Common perennial plants growing in the middle and downstream parts of the main wadi channel and its tributaries were selected to evaluate their nutritional status and to identify the potential suitability for grazing. Senna alexandrina, Aerva javanica and Pulicaria crispa are woody perennials that grow as under-shrubs. Citrullus colocyntus grows prostrate on the ground. These plants are available in dry periods, usually the second year after the, rain, but they dry out after extended rainless periods. Aerva javanica and Pulicaria crispa have a low score for grazing value (Springuel, 1994), while Citrullus colocyntus and Senna alexandrina were reported to have no grazing value; however we have often observed the partly eaten fruits of Citrullus in Wadi Allaqi.

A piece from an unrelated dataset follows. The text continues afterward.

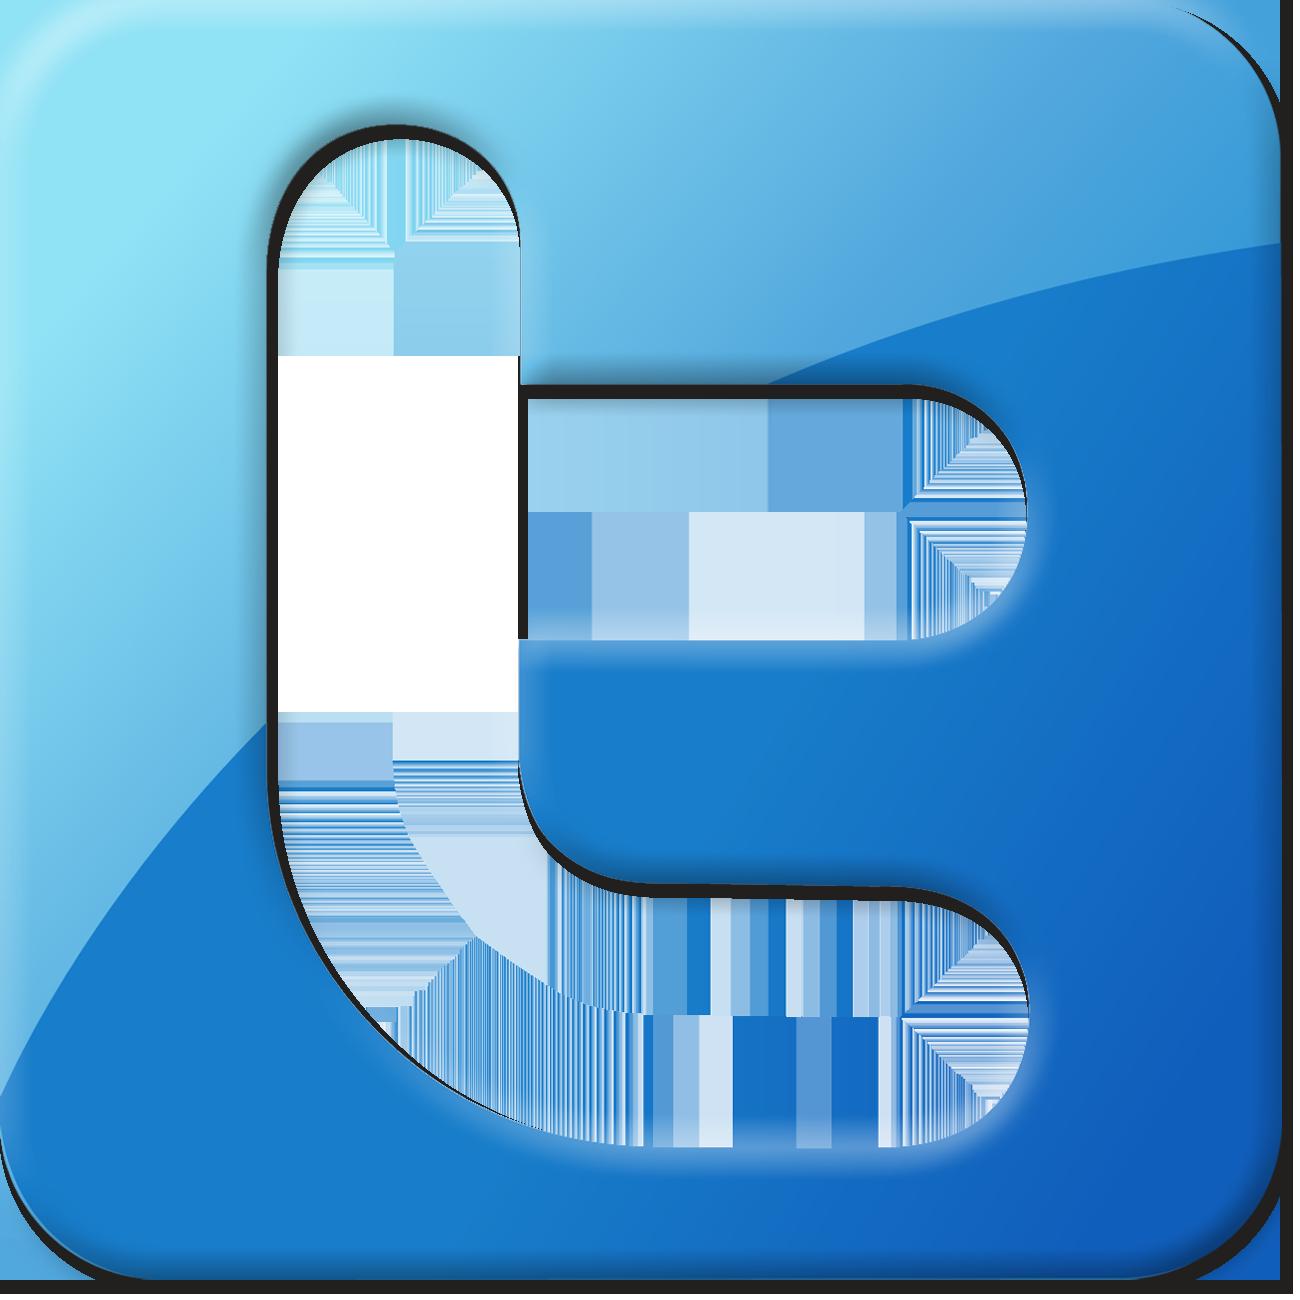 Hq transparent images pluspng. Twitter logo png

Chemical analyses show that Senna alexandrina, Pulicaria crispa, and Aerva javanica have a relatively moderate protein content in the winter season ( 13% for all species, unpublished record) which decreases in the dry season (9%, 7% and 4% respectively, unpublished record), especially the sharp decrease was notes for Aerva javanica. Analyses of Citrullus samples taken in summer time (tables 3, 4), show a lower protein content (10% ) compared with other species, but a high amount of minerals, especially Ca (3%, table 3).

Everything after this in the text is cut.